El segundo error, más grave, deriva de la creencia de que los desequilibrios intracomunitarios entre países ricos y pobres se corrigen con ayudas financieras directas que los primeros deben transferir, por vía presupuestaria, a los segundos hasta producir un sustancial acercamiento. Un par de datos demuestran la gran equivocación: diez años después de la adhesión, España está exactamente a la misma distancia de la renta media comunitaria que en 1973 y con el doble de paro. Las ayudas financieras pueden ser un complemento más o menos necesario de ciertos programas, pero convertirlas en objetivo esencial de la política europea genera un efecto nocivo: debilita implícitamente la posición negociadora de España a la hora de defender frente a sus socios los intereses específicos de los sectores productivos cuando resultan negativamente afectados por las políticas comunitarias.
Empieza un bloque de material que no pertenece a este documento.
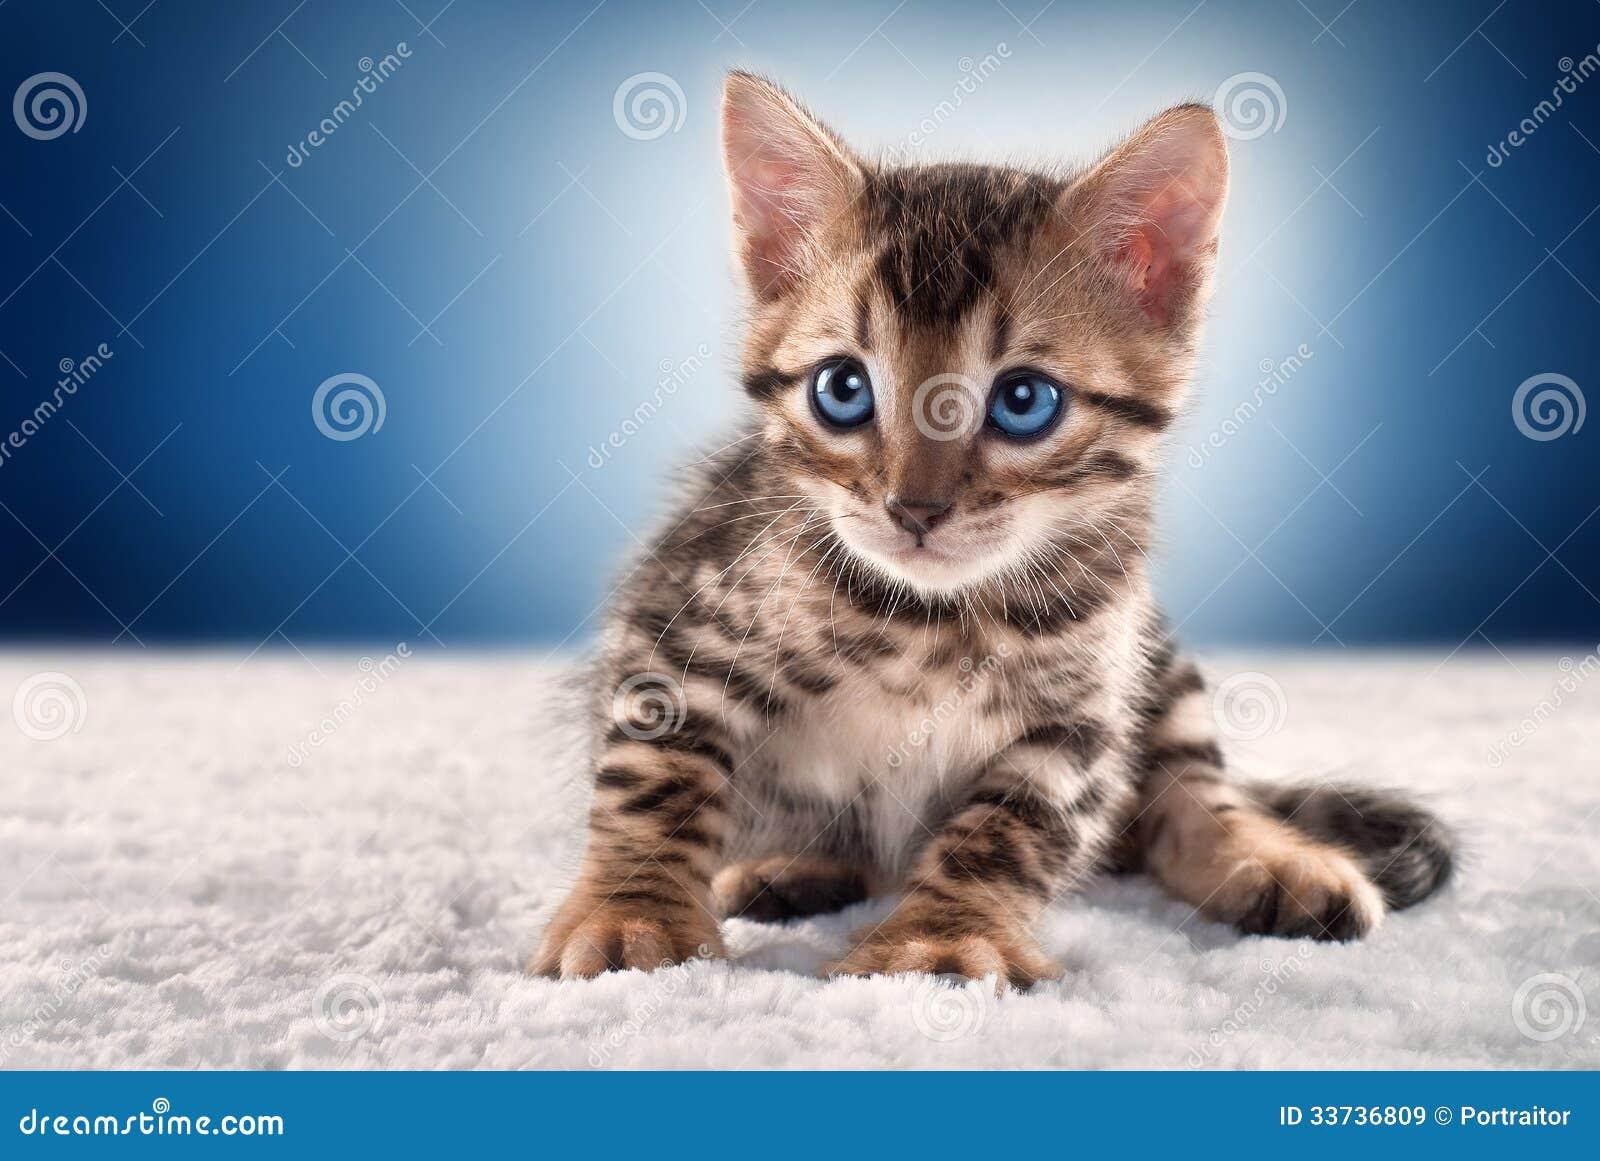 Bengal kattunge på blå bakgrund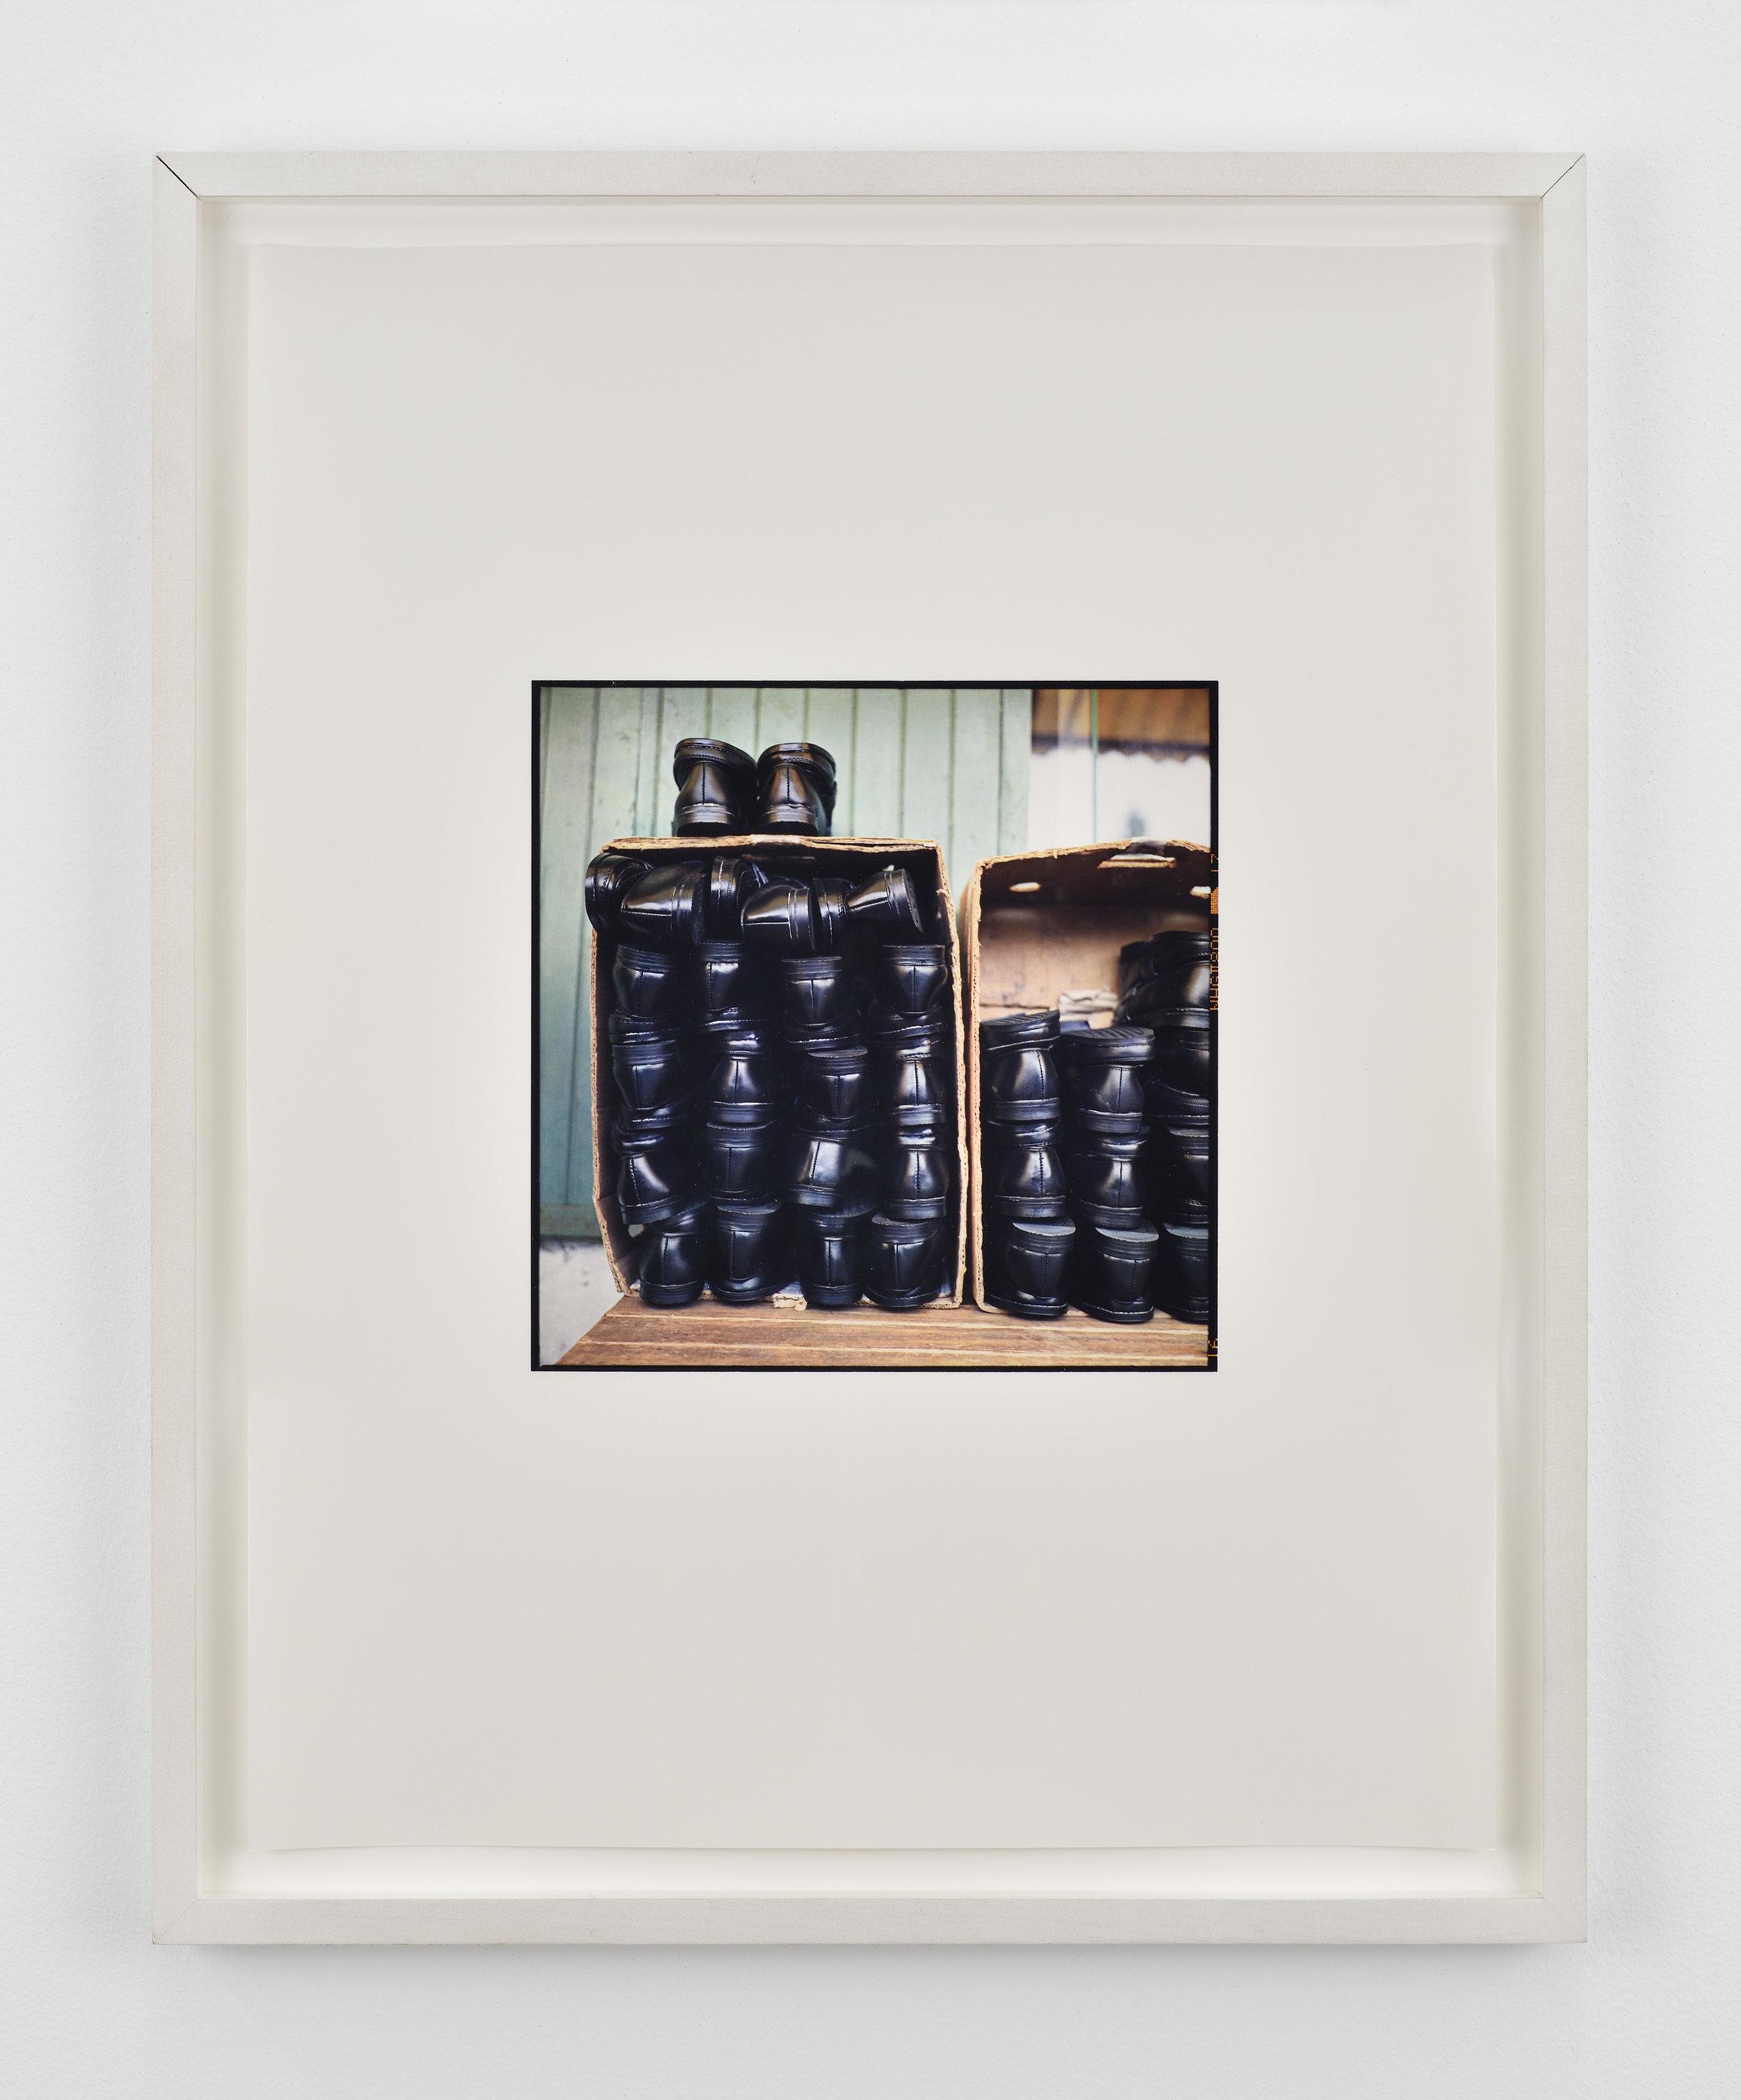 Zoe Leonard Shoes, 2000/2001 dye transfer print 22 x 18 in (55,9 x 45,7 cm) Edition of 6

El desenfoque de la política de González conduce, de hecho, a concebir como algo secundario la definición y defensa de los intereses básicos de nuestro aparato productivo. Y cuando la realidad se impone, hay que amenazar con el veto. El Gobierno no ha formulado en las instituciones comunitarias el planteamiento que corresponde a los rasgos de nuestra economía. España entró en la CE como un país industrializado con industria débil, con una agricultura mediterránea potente, con una ganadería suficiente y como una gran potencia pesquera. En lugar de perfilar una estrategia de apoyo a nuestros intereses en función de esas características, volcó el peso de su actuación en obtener ayudas pretendidamente redistributivas. Al día de hoy, el Gobierno socialista ha sido incapaz, por ejemplo, de presentar ante la Comisión Europea una alternativa española para agricultura mediterránea en el marco de la PAC o un planteamiento a medio y largo plazo para garantizar la actividad de nuestra flota pesquera. Los costes que España paga están a la vista de todos y de candente actualidad.En cualquier caso, la próxima ampliación de la Unión a los países del centro y del este de Europa trastoca todo y tendrá extensas e intensas repercusiones para España. Aunque no fuera más que por este acontecimiento, cambiar la política europea parece aconsejable. Hay que anticipar la definición de nuestros intereses, primordialmente en el ámbito productivo, y compaginar su defensa con la construcción europea aunque nos convirtamos en un socio más incómodo.

Rafael Arias-Salgado es diputado por Madrid y portavoz del Grupo Popular en la Comisión mixta para la Unión Europea.